▶ **WORK INSTRUCTION**: The whole listing below should be retyped exactly, without any images.

▶ **STORED DATA**:
· · · · ·
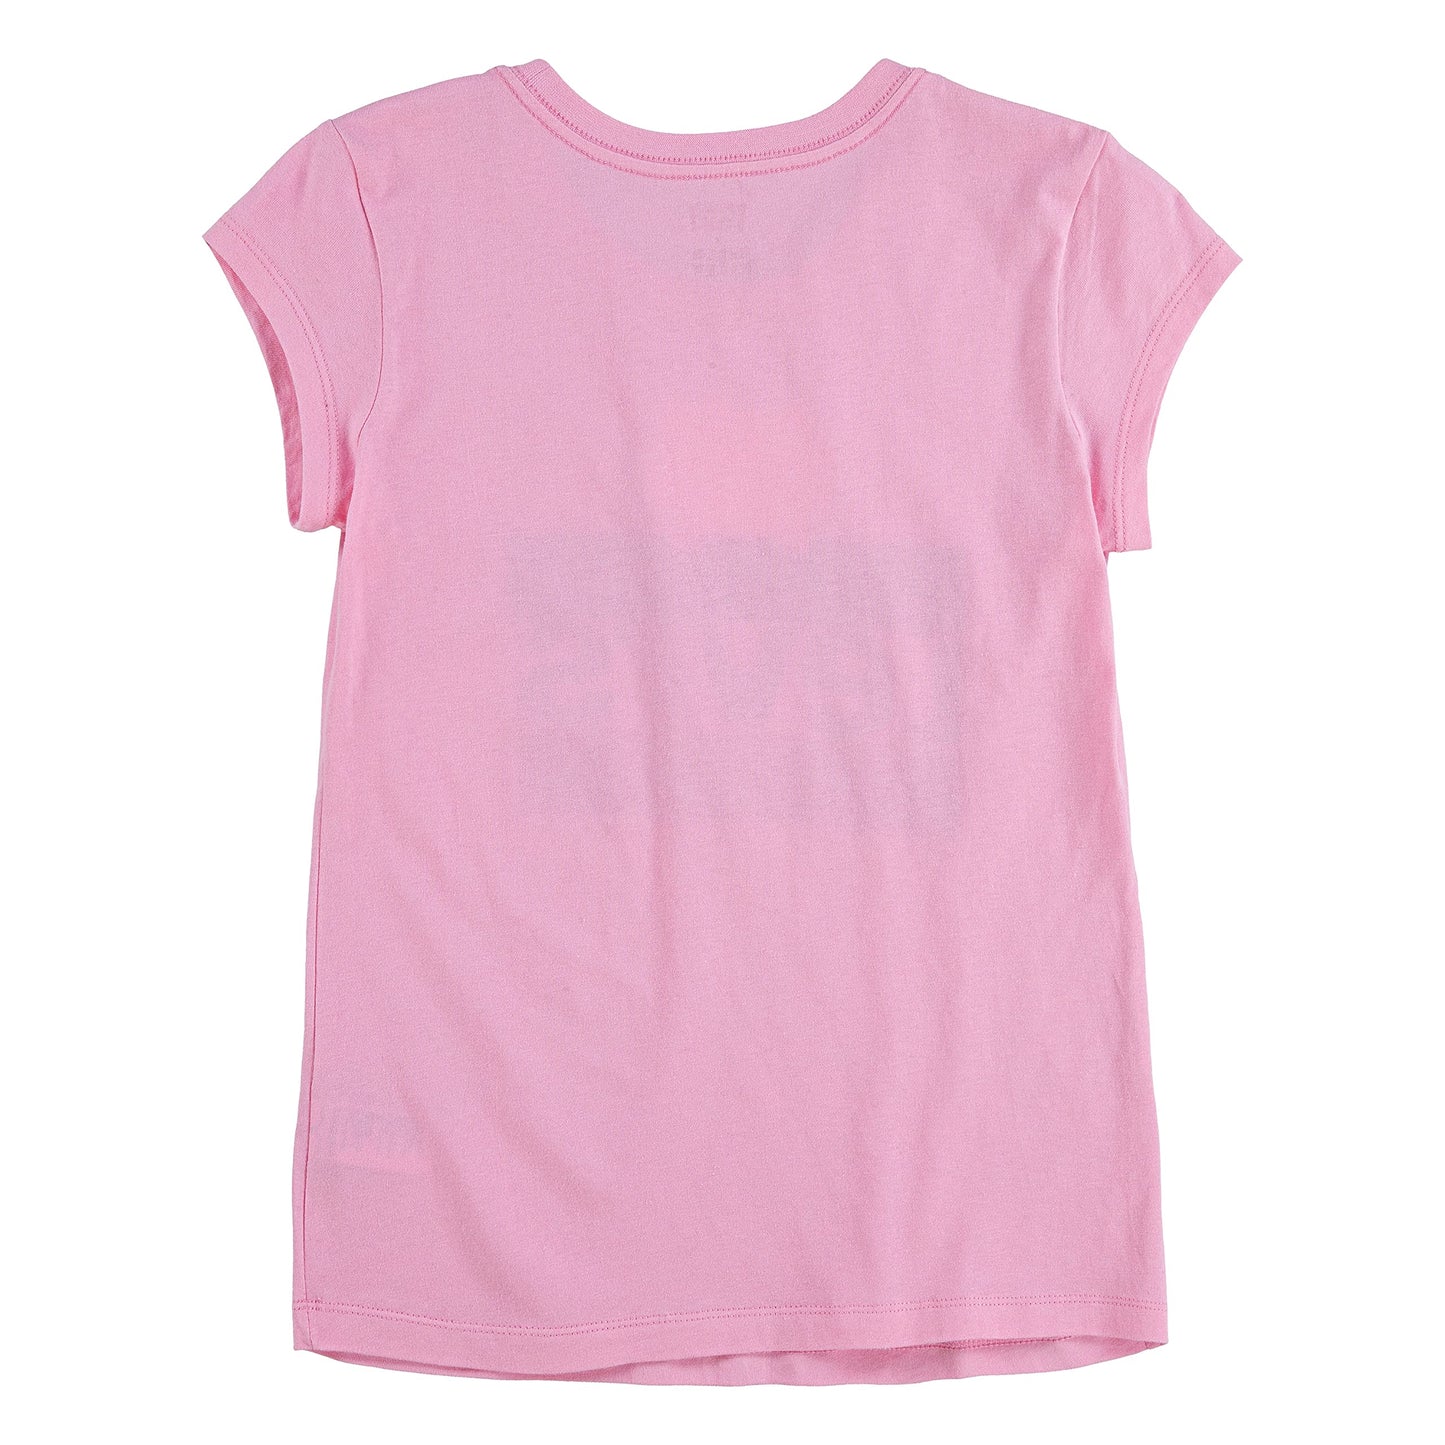 Image 2 of Levi's® x Hello Kitty® T-Shirt (Little Kids)
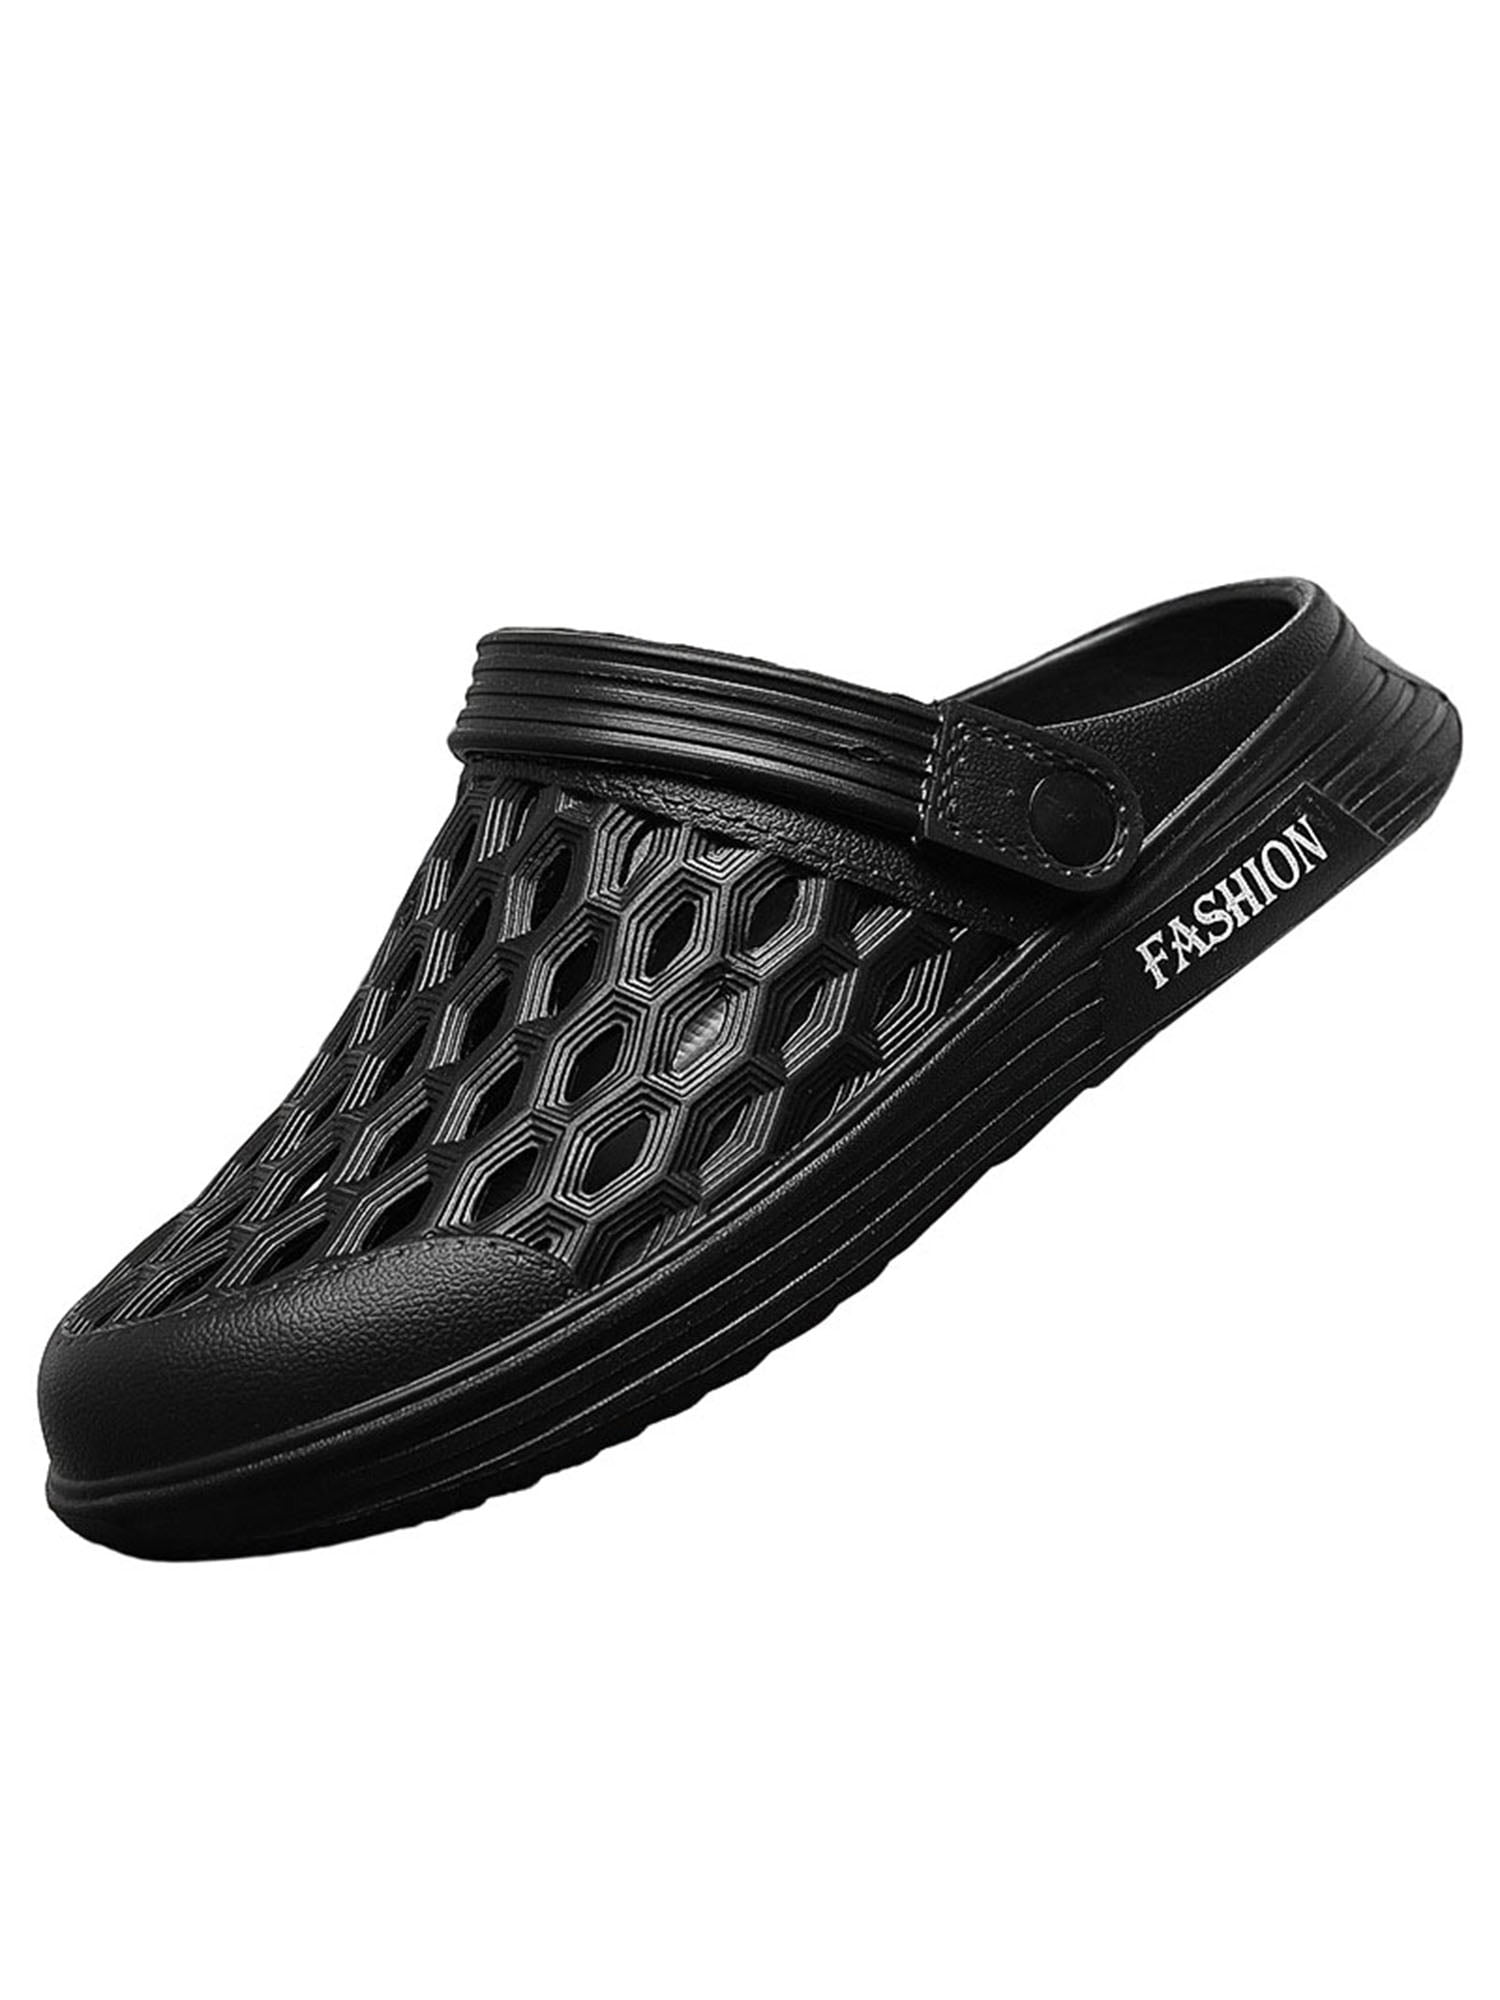 Avamo Men Sandals Holes Casual Beach Slip On Non-Slip Shoes Wear ...
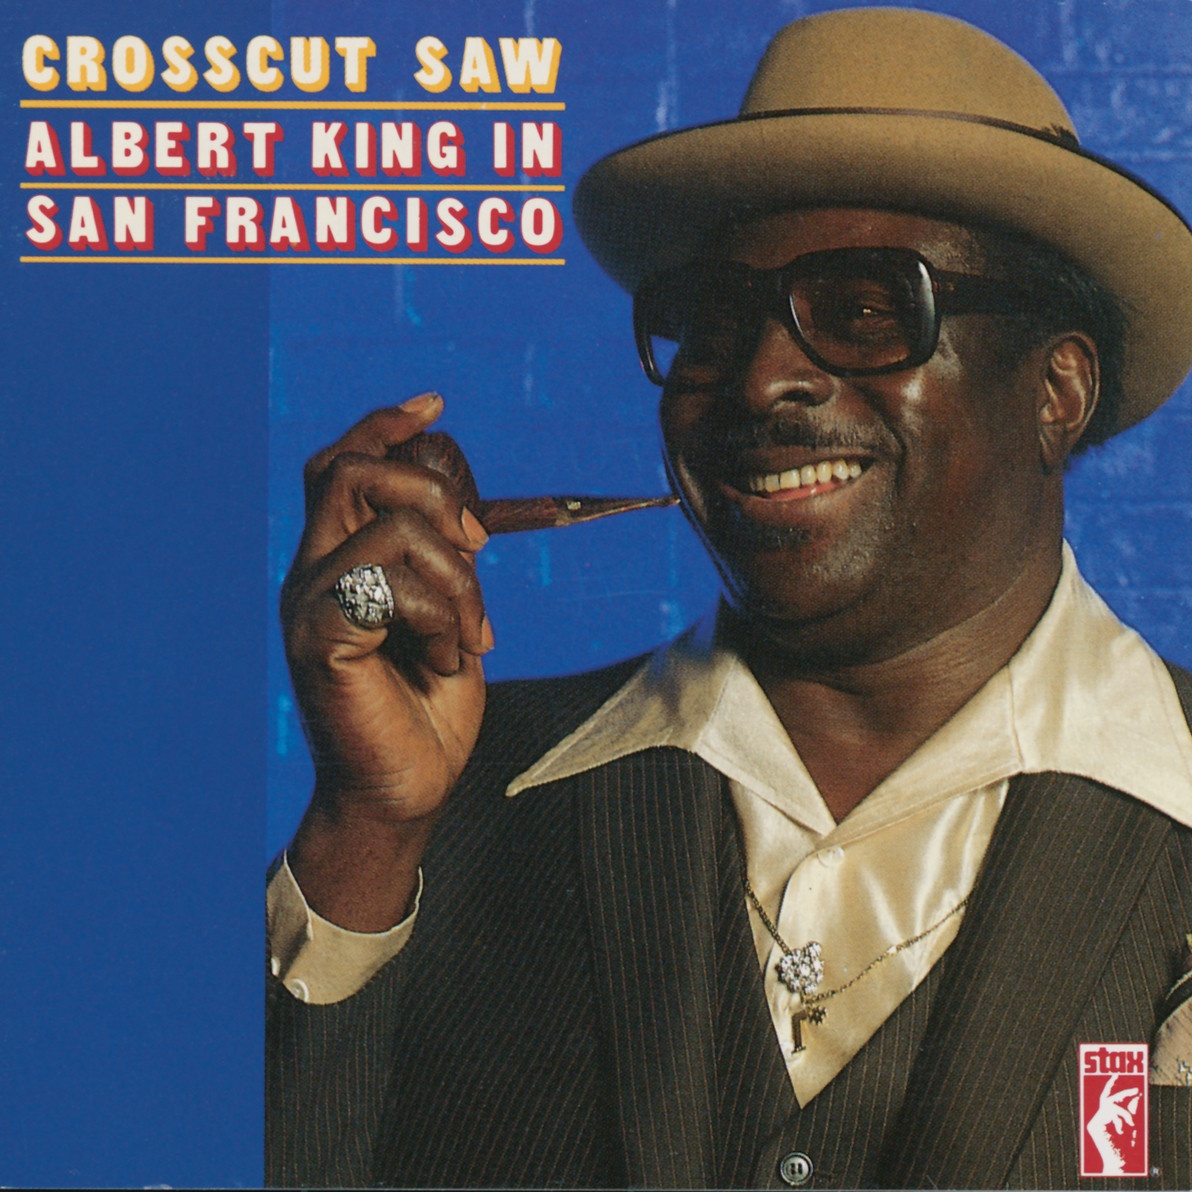 Crosscut Saw: Albert King In San Francisco
· · · · ·
▶ **YOUR SOLUTION**:
 Image 2 of Levi's® x Hello Kitty® T-Shirt (Little Kids)
 Avamo Men Sandals Holes Casual Beach Slip On Non-Slip Shoes Wear ...
 Crosscut Saw: Albert King In San Francisco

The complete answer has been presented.